They found that fruit quality was improved as well, and the total sugar accumulation in the fruits, especially sucrose was increased and that titratable acid content was reduced. Essentially all wonderfully desirable results!
This seems to suggest that if this discarded carbon-dioxide-rich air is sent into a nearby greenhouse, where the carbon dioxide concentration might be increased to three times natural, maybe five times as much fruit and vegetables might be grown from the same plants!
Note that the carbon-dioxide-rich air provided to the greenhouse is also around 150ºF so that it can even provide natural heating for the greenhouse, reducing the need for artificial heating!

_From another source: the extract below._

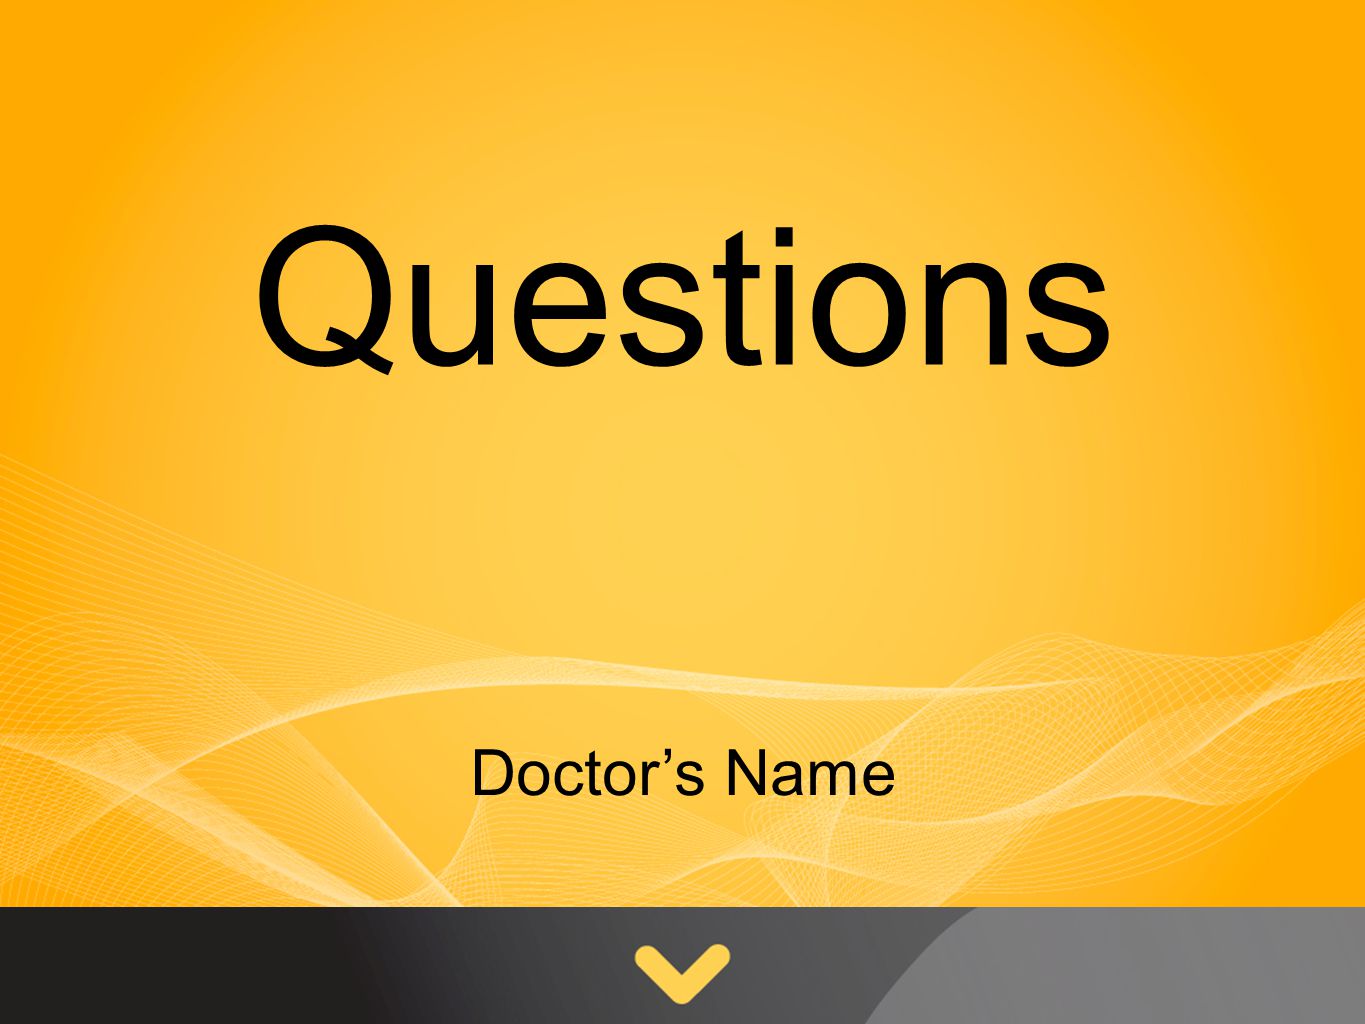 Questions Doctor’s Name

Thousands of other research experiments have been performed regarding a wide range of plants, which have all had similar results. Even crops like wheat and soybeans, and trees like cherry and spruce and white oak, have similar growth benefits.
(Some of those researches have found that carbon dioxide concentrations higher than around 1200 ppm are NOT as beneficial.)
Yet another possible Green benefit from this system!
You might note that this combined system actually collects the carbon dioxide that is naturally generated anyway, and then it allows those greenhouse plants to REMOVE IT FROM THE ATMOSPHERE! This is a tiny effect, but it actually tends to remove some of the excess carbon dioxide that we have put into the atmosphere due to our massive burning of fossil fuels!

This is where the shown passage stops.